Simplicity – Aspects of ETH 2.0 are complex (sharding and PoS). Simplicity allows the blockchain to reduce its attack surface, minimize development costs, and “convince users that protocol parameter choices are legitimate because they’re easier to understand.”
Long-term stability – Favoring blockchain evolution and making fundamental changes leads to a stronger platform in the end. The design of ETH 2.0 is that, once it is built, there should be no need to make changes for great lengths of time, so that stability is achieved for Ethereum to serve as public infrastructure.
Besides, the design of PoS prevents its users from abusing the system. As the report states, “Stakers may lose some, if not all, of their stake if they behave maliciously, serving as a major deterrent to launching attacks22. Such penalties, though rare, also make it much easier for PoS chains to recover from 51% attacks in the extreme case they do happen. In the event of a 51% attack, honest stakers can counter coordinate forks and delete the misbehaving stakers’ stakes.”
ETH 2.0 comprises three components: the aforementioned PoS, sharding, and the Beacon Chain. PoS will replace the proof-of-work system, which is energy inefficient and depends on large-scale mining operations.
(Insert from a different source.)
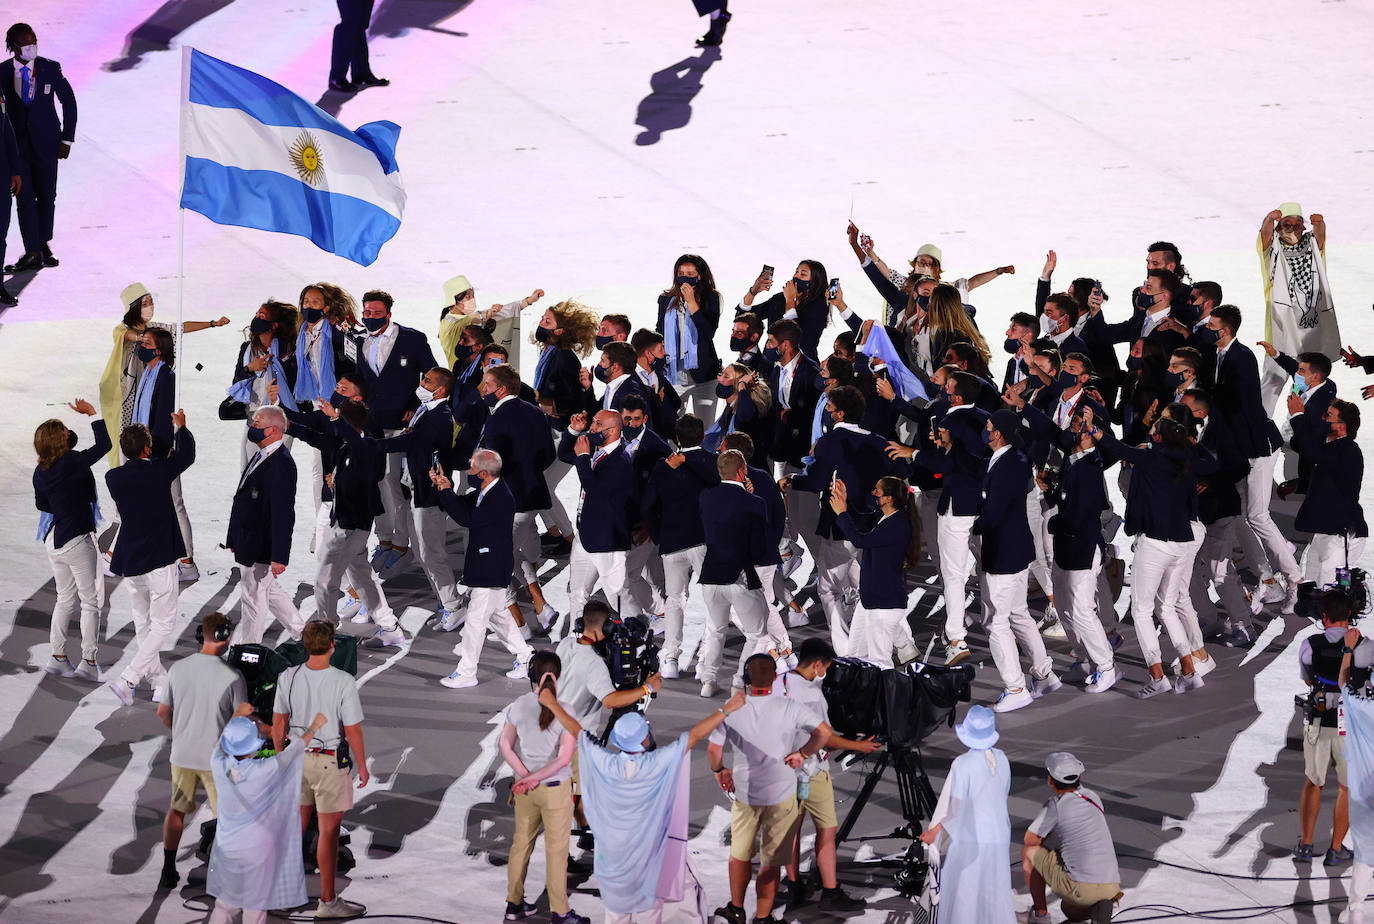 Santiago Lange y Cecilia Carranza lideran a la delegación argentina en su desfile por el Estadio Olímpico de Tokio.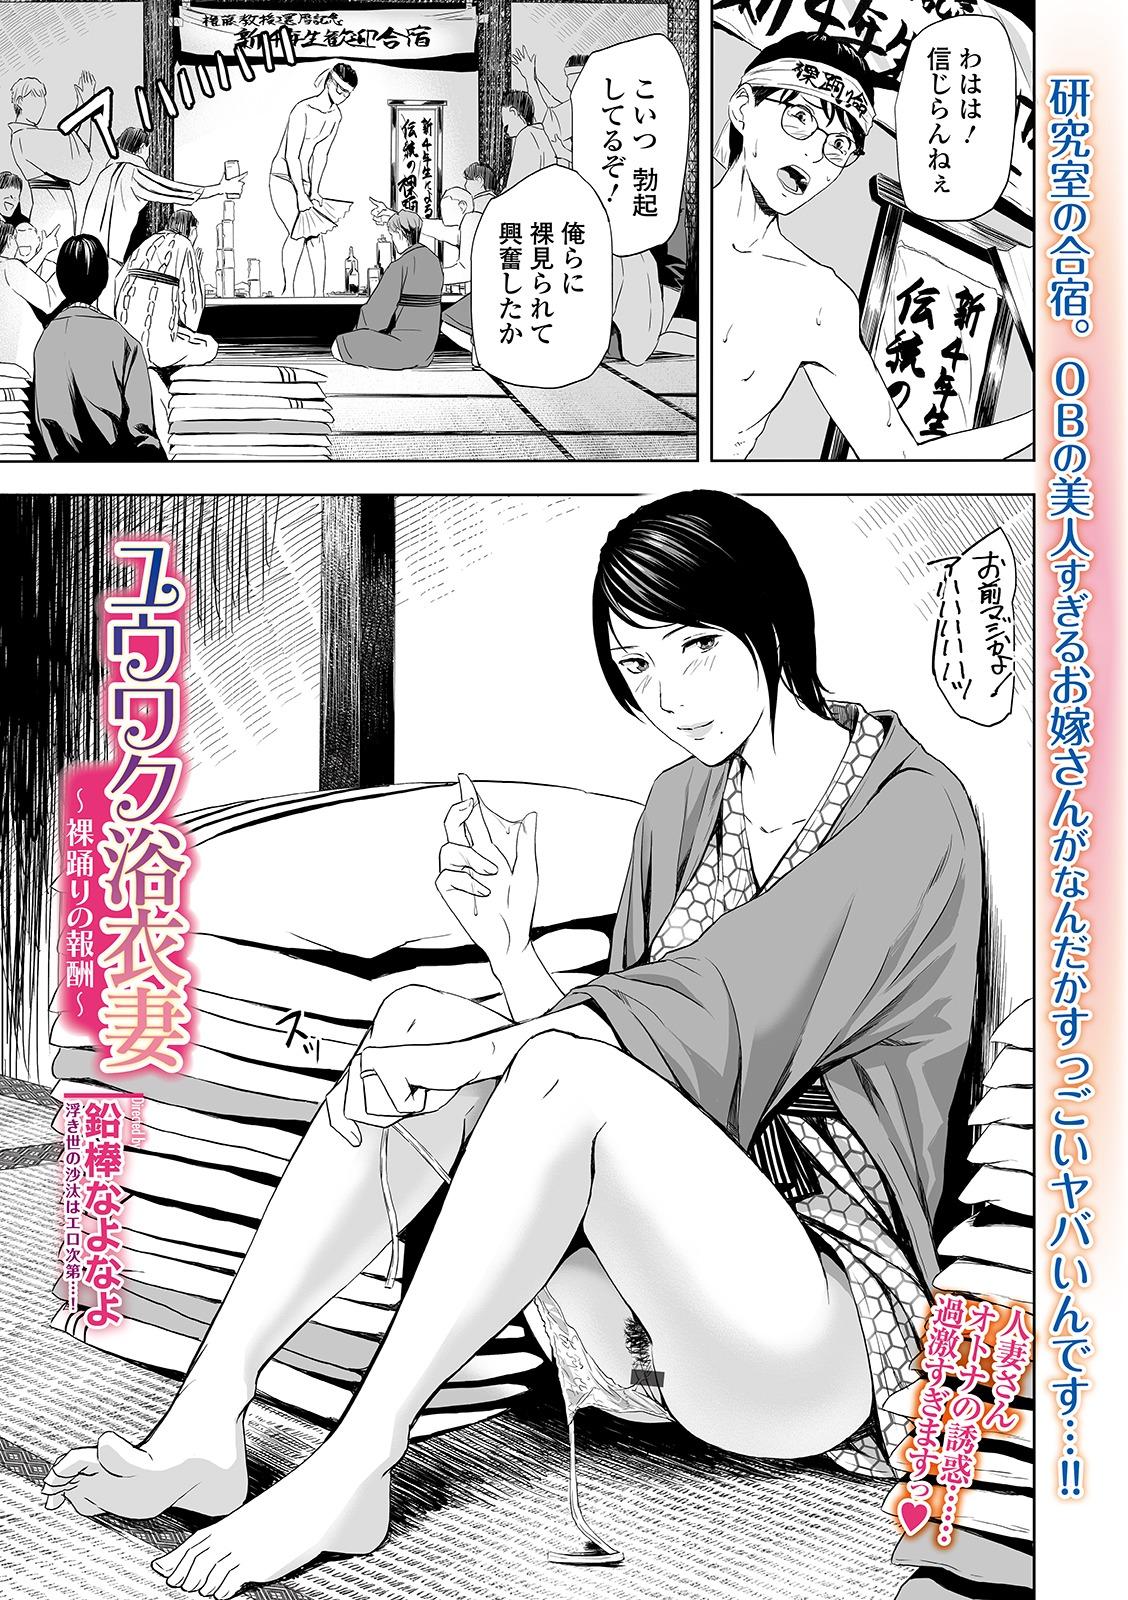 Web Comic Toutetsu Vol. 46 48

To participate in ETH 2.0, the system’s validators will have to stake at least 32 ETH, i.e., $19,040 (press-time calculations) on the ETH 1.x chain, which will be locked up until the ETH 1.x chain merges into ETH 2.0 as a shard.
Sharding is a scaling solution – it splits the Ethereum blockchain into shards that are both parallel and intertwined at the same time: “Under ETH 2.0 the Ethereum blockchain will be divided into 64 parallel shards, which will each have a dynamic subset of nodes processing blocks of transactions. The reason why this is done is to ensure the demands to run a node remain low enough so that anyone can run a node using consumer hardware, while still increasing the scalability of the overall system.”
Meanwhile, the Beacon Chain serves as the connection between PoS and sharding. It is the system’s central nervous system, a point that ensures the system’s running. It “stores and manages the registry of validators and their stakes, apply consensus rules, and stores references to shard states.”
Even though the current design of Ethereum is imperfect, it still serves a bustling economy, meaning that the switch to ETH 2.0 will not happen overnight. In fact, it might take a couple of years and come in either linear or parallel phases: Phase 0, Phase 1, Phase 1.5, and Phase 2.
Phase 0 with limited functionality arrived at the beginning of December. It launched the Beacon Chain and bootstrapped ETH 2.0’s PoS validator set.
In the fourth quarter of 2021, Phase 1 is likely to take place. It will extend ETH 2.0 PoS into 64 shard chains. While it will not support smart contracts, a couple of proposed upgrades to ETH 1.x will enable “scaling solutions like rollups to verify data from ETH 2.0 shards and reduce their data bottlenecks.” The system might be able to support ~100,000 transactions per second.
In 2022, the system will enter Phase 1.5. It will transition ETH 1.x’s current state (smart contract and transaction data) into a shard within the ETH 2.0 network. “The state will remain the same; the merge simply swaps Ethereum’s consensus layer from PoW to PoS. If the community elects to embrace a ‘rollup- centric future’ and forgo smart contract execution capabilities within shards (except the ETH 1.x shard), this may be the final phase of ETH 2.0.”
Finally, Phase 2 (2023) will give access to smart contract execution capabilities within shards, and network state will be divided across some or all 64 shards. The report notes, “This stage will also introduce a new VM, Ethereum flavored WebAssembly or EWASM, that intends to bring usability and performance improvements for smart contract development.”